KeyWeeUsr/org-epa-gpg

Repository files navigation

org-epa-gpg

This is a patch that attempts to fix image inlining (C-c C-x C-v) in the org-mode for images that are encrypted AND end with ".gpg" extension.

Install and run

For installation simply issue this command, it'll download the lisp module from this repo directly under the latest stable tag (or replace the tag version with master for the latest code).

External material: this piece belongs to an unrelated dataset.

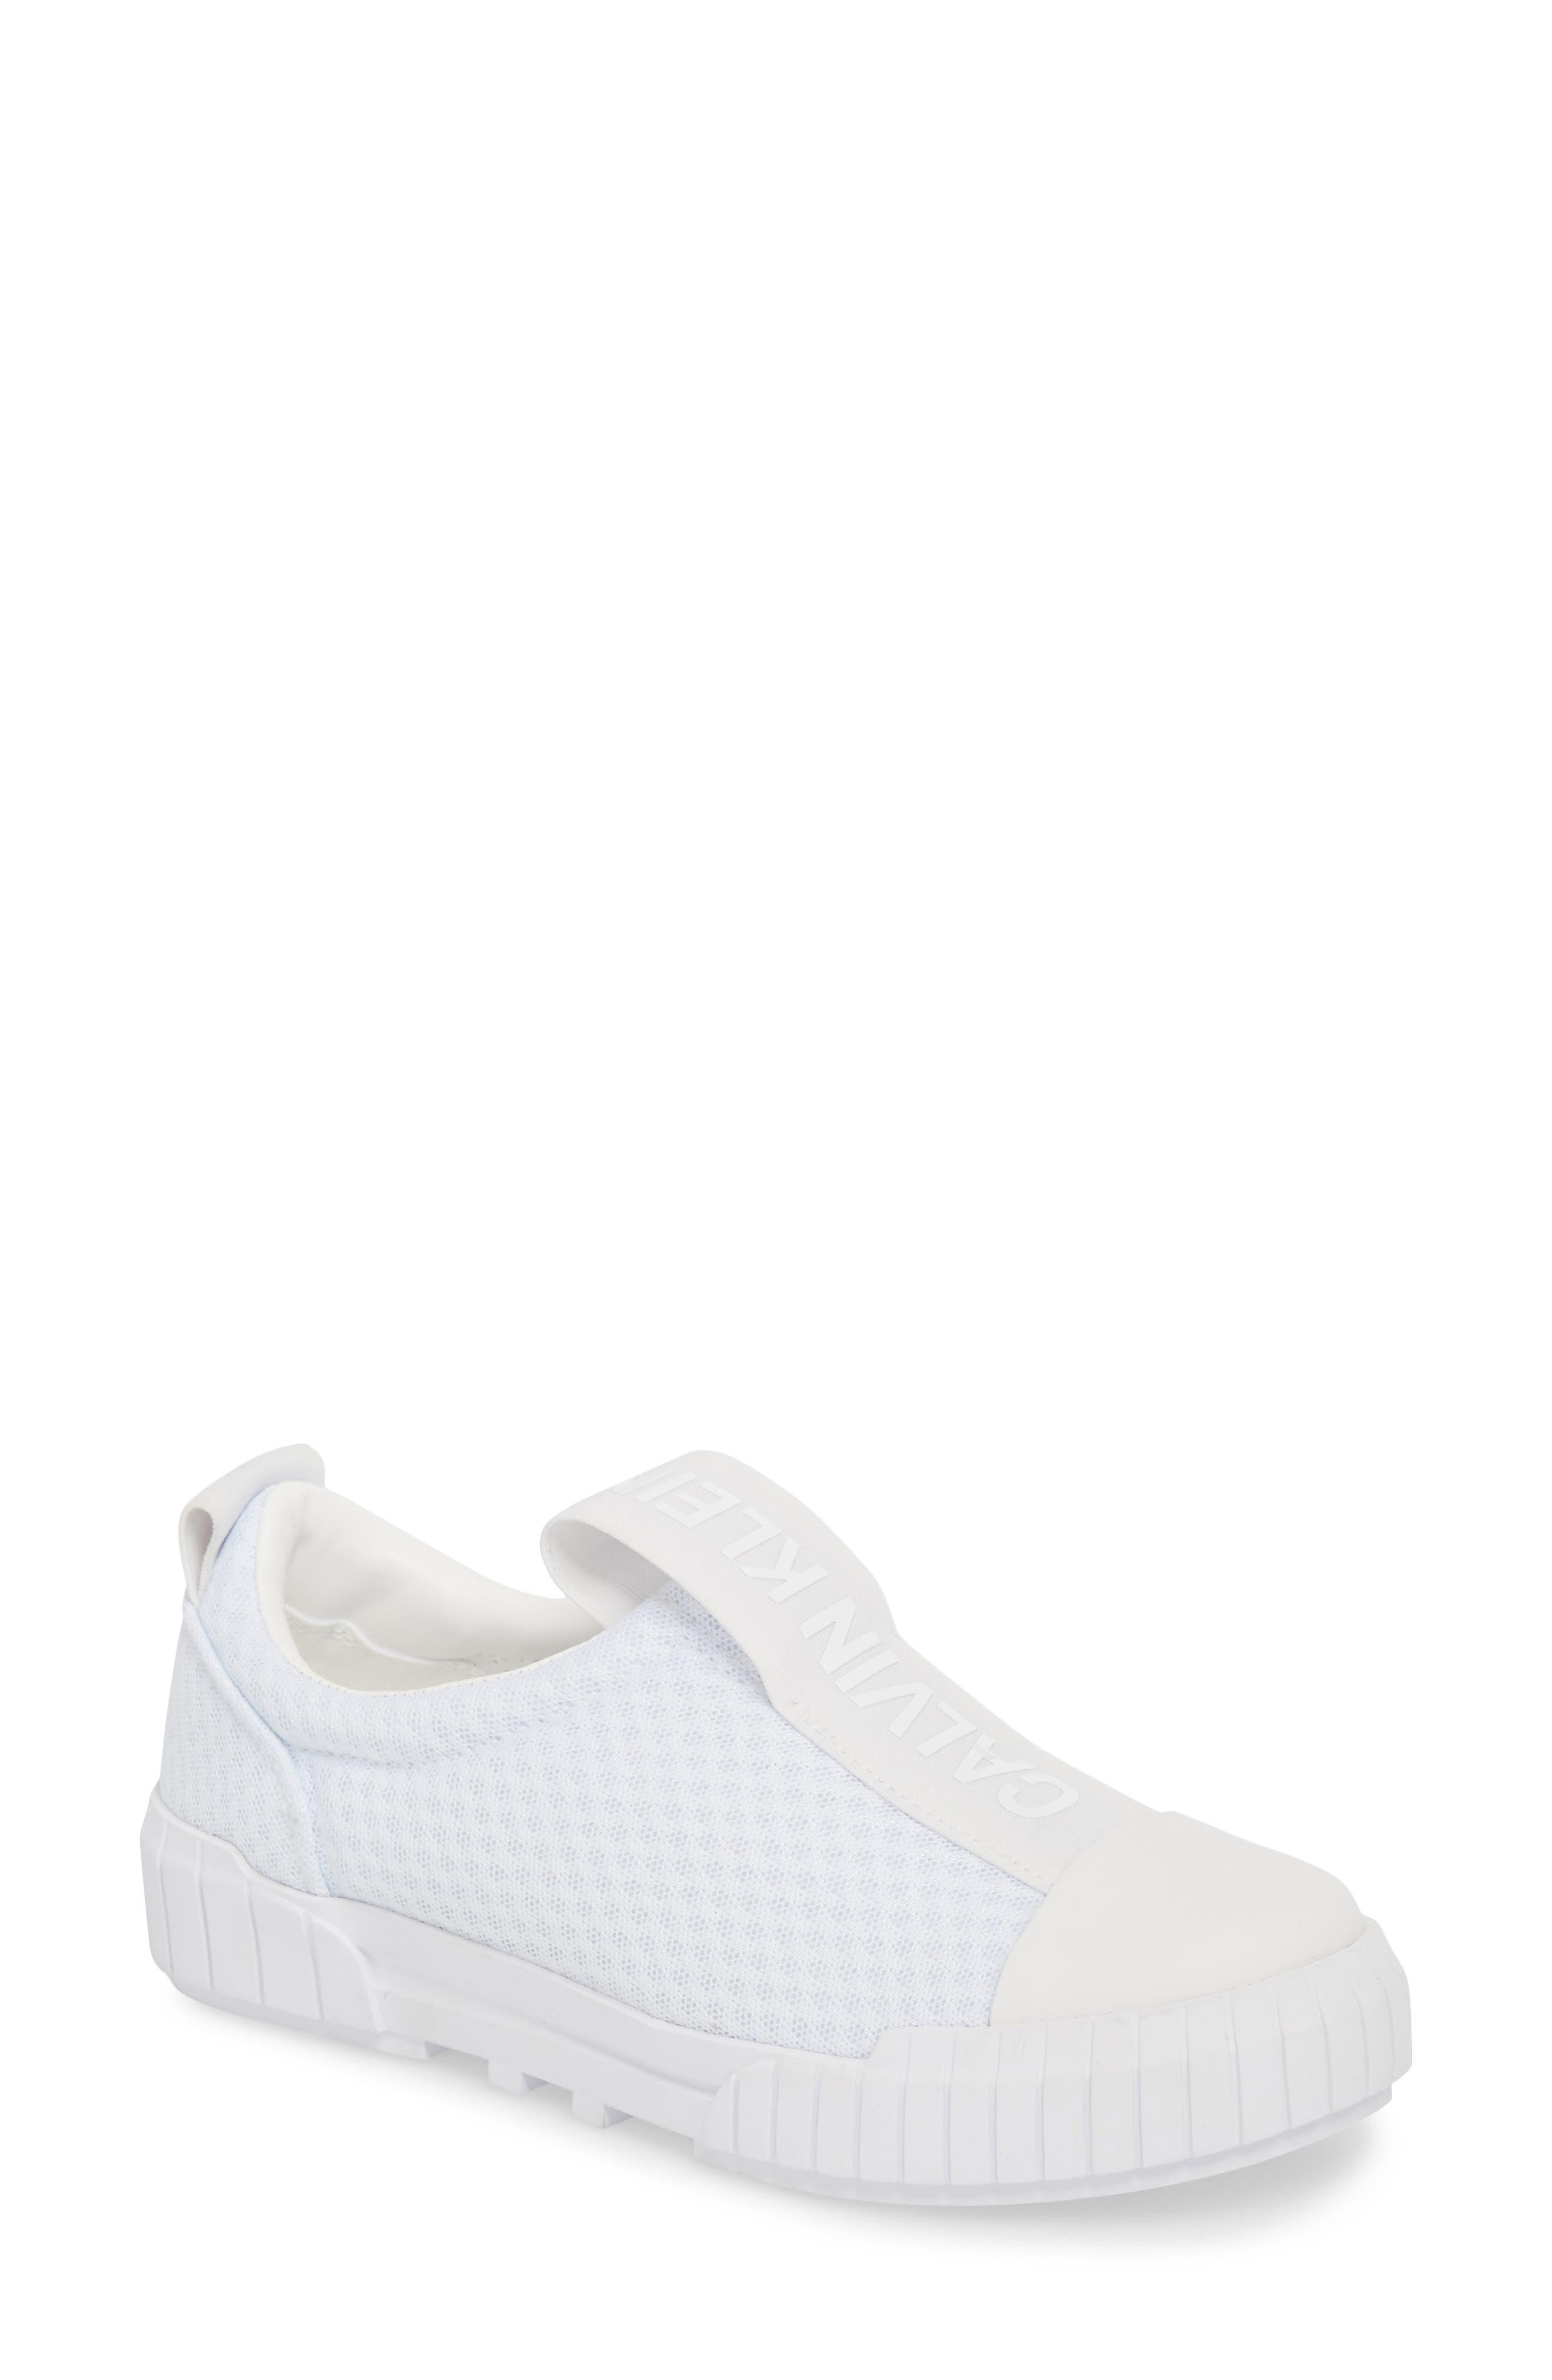 Bamina Slip-On Sneaker, White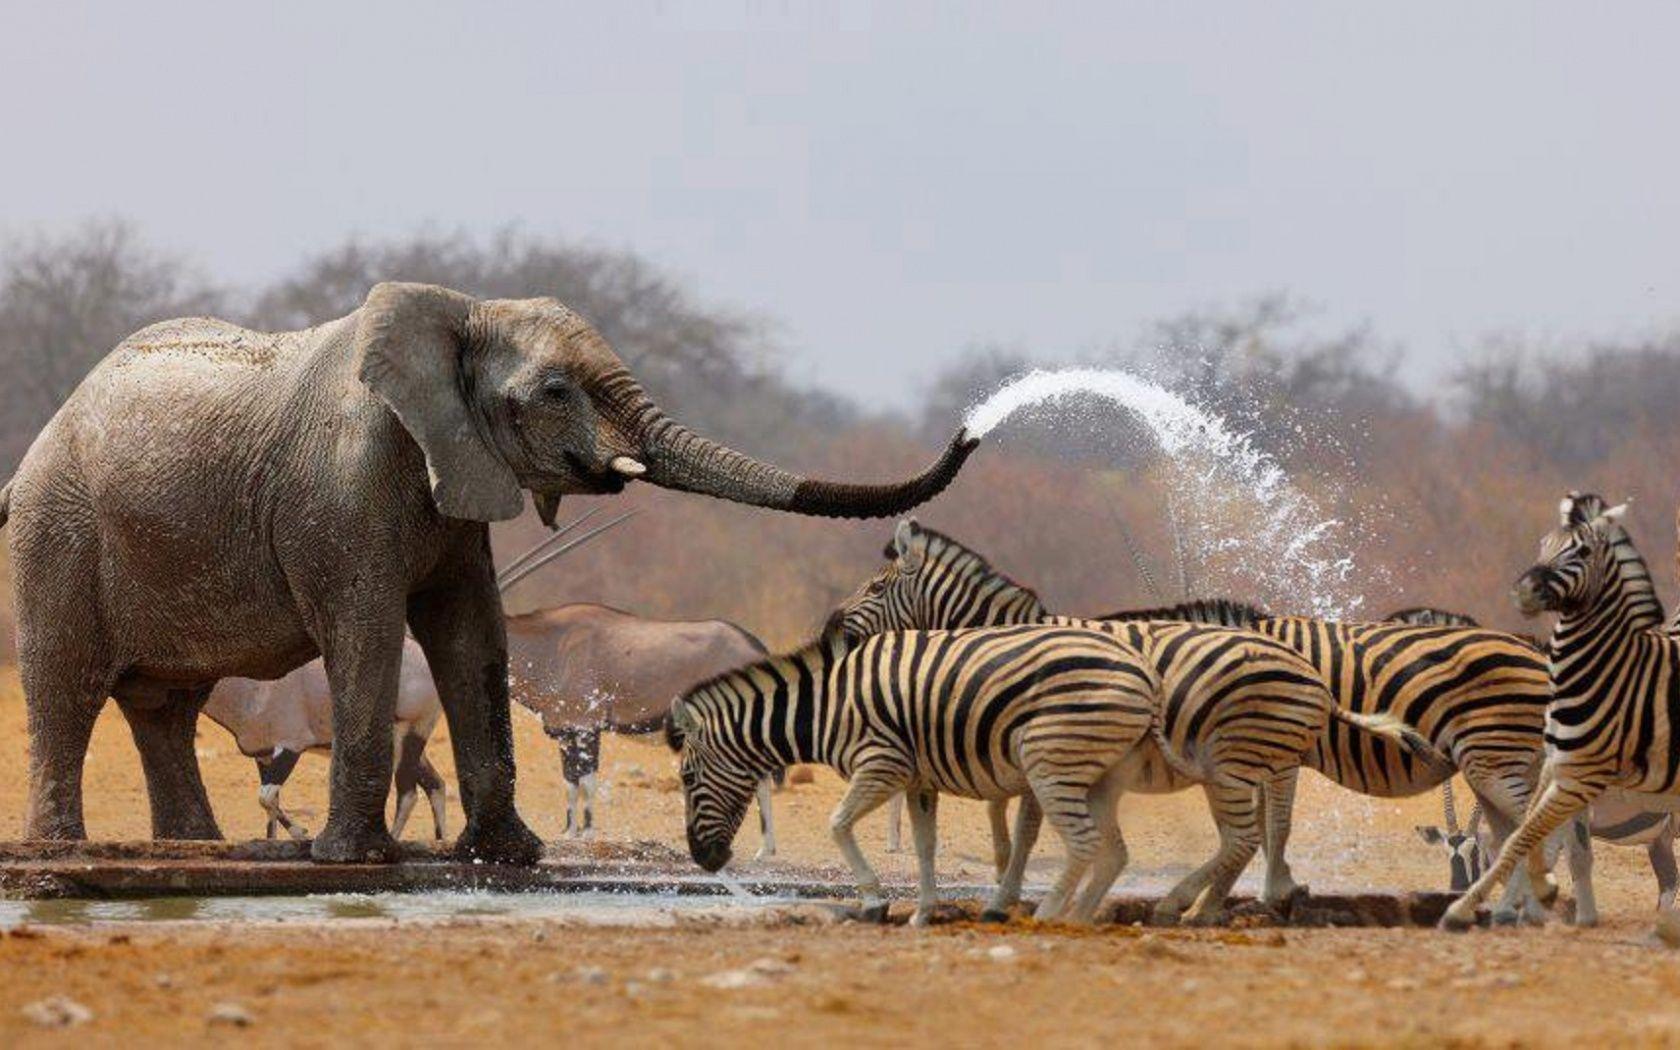 free elephant images

(let ((file (make-temp-file "" nil ".el")))
(url-copy-file
 "https://raw.githubusercontent.com/KeyWeeUsr/org-epa-gpg/3.0.0/org-epa-gpg.el"
 file t)
(package-install-file file))

To start, add these mandatory lines to your config file:

(use-package org-epa-gpg
  :ensure t
  :after epa-file
  :config (org-epa-gpg-enable))

Notes on purging

The cleaning of the decrypted content (in /tmp via (make-temp-file) ) is currently done via patching (org-remove-inline-images) with a custom hook (so that it's purged on (C-c C-x C-v) untoggling and via attaching to multiple standard hooks.

Attempted

What I attempted to make it less insane:

  • purge the files right after decrypting and loading -> this causes an empty rectangle to be shown in the buffer
  • hook to standard hooks such as:
    • buffer-list-update-hook -> basically kills Emacs by making it frozen due to too many updates and the initial startup with few hundreds of buffers opened is a time to go for a coffee
    • change-major-mode / after-change-major-mode-hook / org-mode-hook -> is unreliable from security perspective due to being too slow

Current behavior

So I added the purging to these hooks so that an action of "going away" from the org buffer or from Emacs alone, which would potentially endanger the unencrypted data, would also purge them. It's also trying to minimize their overall presence too org-epa-gpg-purging-hooks.

A timer could possibly be added with a very short interval, but it doesn't seem feasible if the amount of images is more than a few (large Org documents) due to 1:1 (image:purger) relationship in `list-timers' possibly hogging Emacs down readability-/resource-wise. Or at least, if turned on by default.